**STORED DATA**:
◇ ◇ ◇ ◇
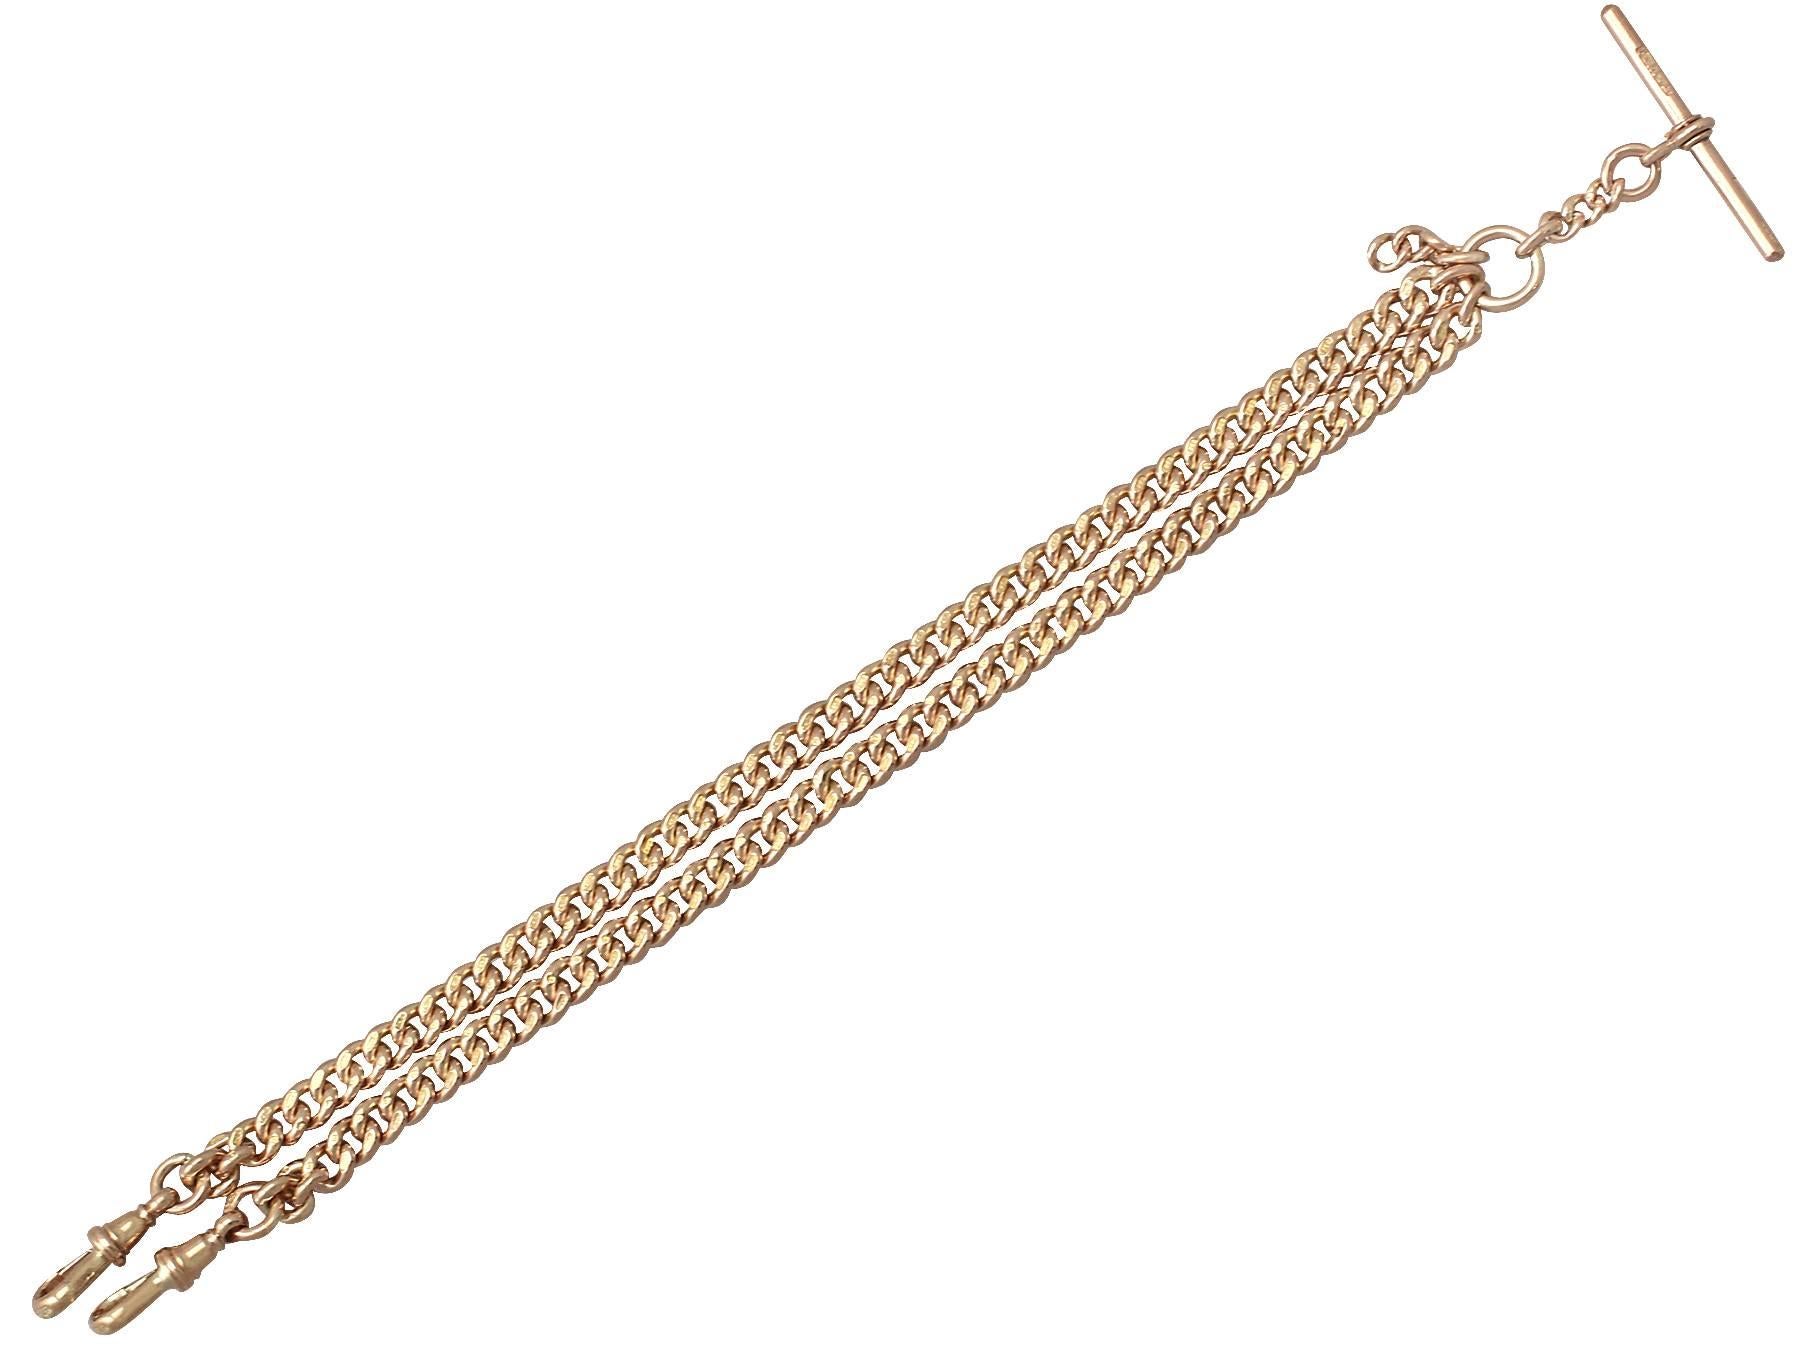 A fine and impressive antique 9 karat rose gold double Albert watch chain; part of our antique jewelry and estate jewelry collections

This fine and impressive antique Albert watch chain has been crafted in 9k rose gold.

The rounded curb chain
◇ ◇ ◇ ◇
**EXERCISE GOAL**: Your reply should hold every line above exactly as written and none of the pictures.

**ANSWER BOX**:
 A fine and impressive antique 9 karat rose gold double Albert watch chain; part of our antique jewelry and estate jewelry collections

This fine and impressive antique Albert watch chain has been crafted in 9k rose gold.

The rounded curb chain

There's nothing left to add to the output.